Dieb, William, Maceál und David nahmen die Zuhörer erneut mit auf eine musikalische Reise durch das schottische Hochland und die irische Ebenen und zeigten sich bei ihren Jigs, Reels und Balladen als gekonnte Multi-Instrumentalisten. So sangen und spielten die vier Musiker auf Geige, Tin Whistle, Gitouki, Ziehharmonika sowie verschiedenen Pipes und gaben den Rhythmus mit der traditionellen Bodhrán an.

Gekleidet wie gewohnt in mittelalterliche Kilts, spielte die Liveband ein großes Repertoire an Klassikern und Hits. Dabei gaben sie den Spaß an der Musik an die direkt vor ihnen mitfeiernden Zuhörer weiter.

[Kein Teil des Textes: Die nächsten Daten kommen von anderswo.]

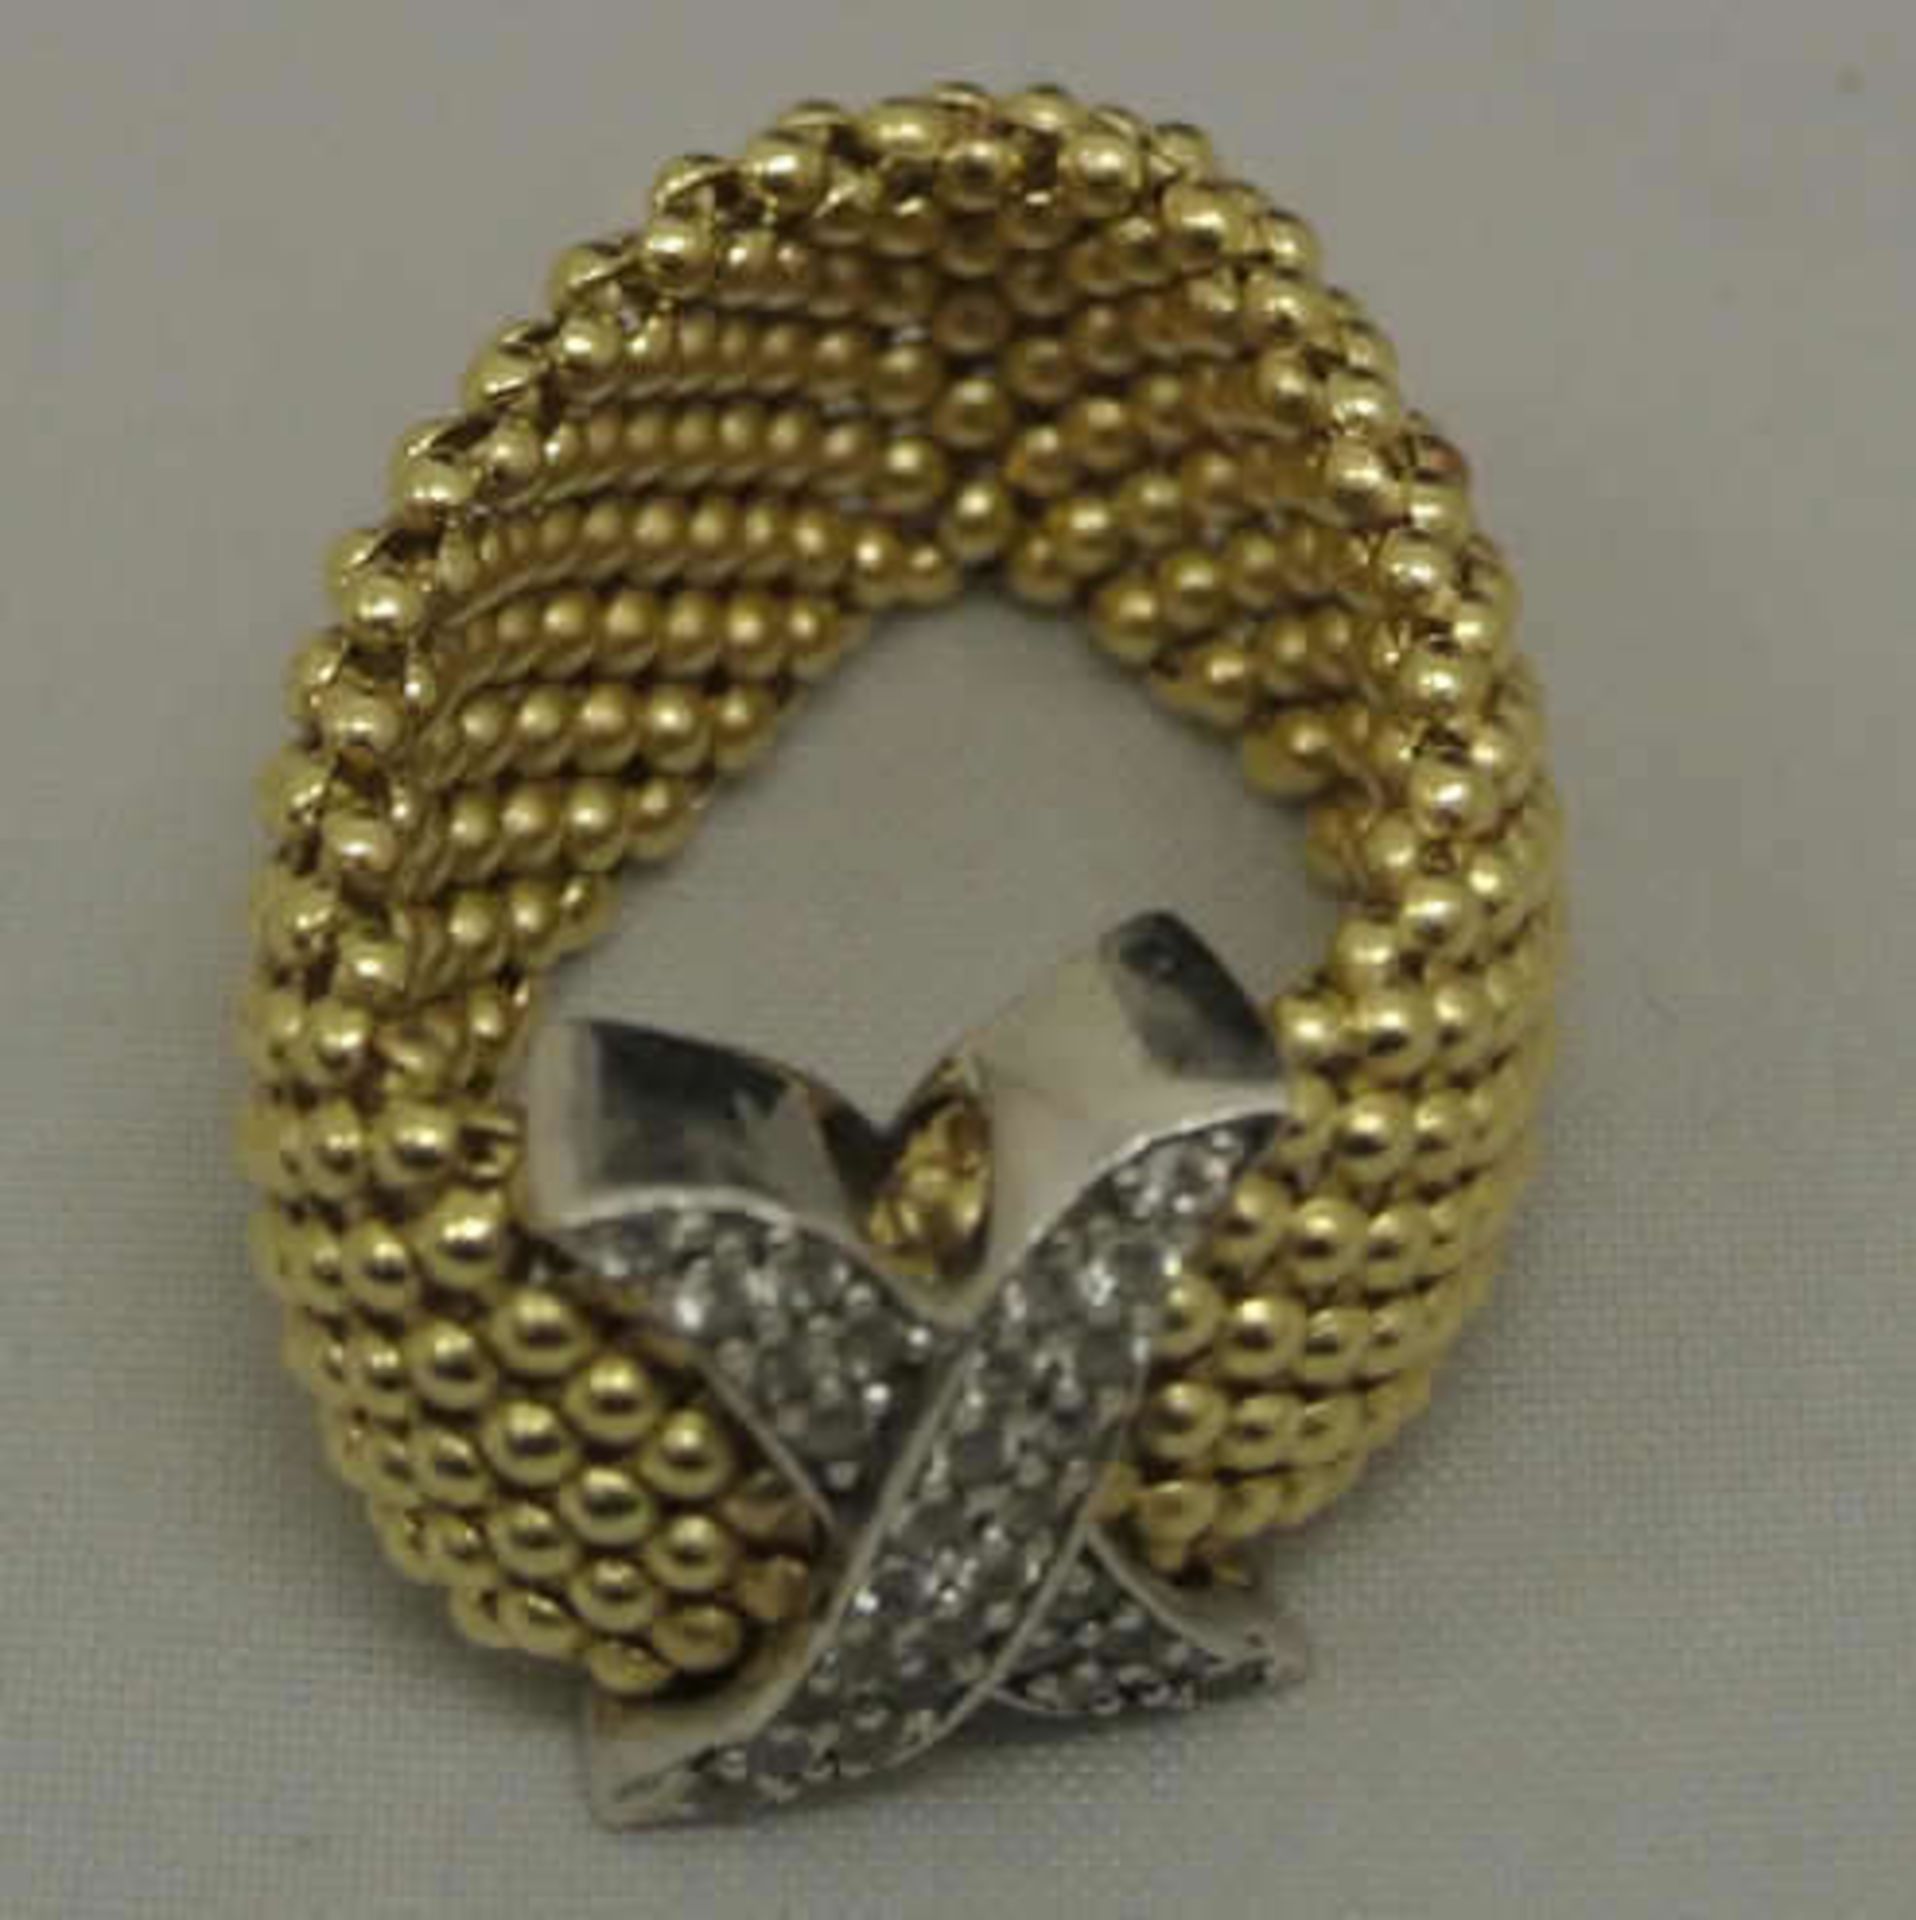 Damenring, 585er Gelbgold, besetzt mit Zirkonias, Ringgröße ca.60, Gewicht ca. 8 gr Ladies ring, 585

Neben „Whiskey in the jar“ sorgten sie besonders mit der langsamen Liebes-Ballade „Caledonia“, dem am meisten gewünschten Stück der Band, für Furore. Ein Titel der Iren, der besser als viele Worte die Situation von Auseinandersetzungen in der Welt beschrieb, war „Home is where my friends are” den Maceál unter Applaus erklärte: „Die Welt besteht nicht aus Feinden, sondern aus Freunden, die man nur noch nicht kennen gelernt hat.“

Fehlen durfte auch der Feuerauftritt nicht, der bereits zuvor mit einigen Pyro-Zündungen angekündigt wurde. Als die Bandmitglieder dann mit Fackeln in der Hand sangen und David dazu den Dudelsack spielte, kannte der Applaus keine Grenzen mehr. Das Publikum dankte es unter anderem mit einer Einlage überdimensionierter aufblasbarer weißer Hände aus Plastik, mit dem die ersten Reihen ordentlich applaudierten.

Ein Zuhörer sorgte sogar für eine spontane Änderung des Programms, als er vor die Bühne kam und sich während des Konzerts den Song „Rotkäppchen“ wünschte. Diesen, einmal als Jux bei einem anderen Gig gespielt, gibt es sonst nirgendwo auf CD zu hören. „Den wünscht sich unser Publikum seitdem immer wieder“, sagte David. Der Song hält sich nur entfernt an die Märchenvorlage, dafür liefert er umso mehr schlüpfrigere Texte.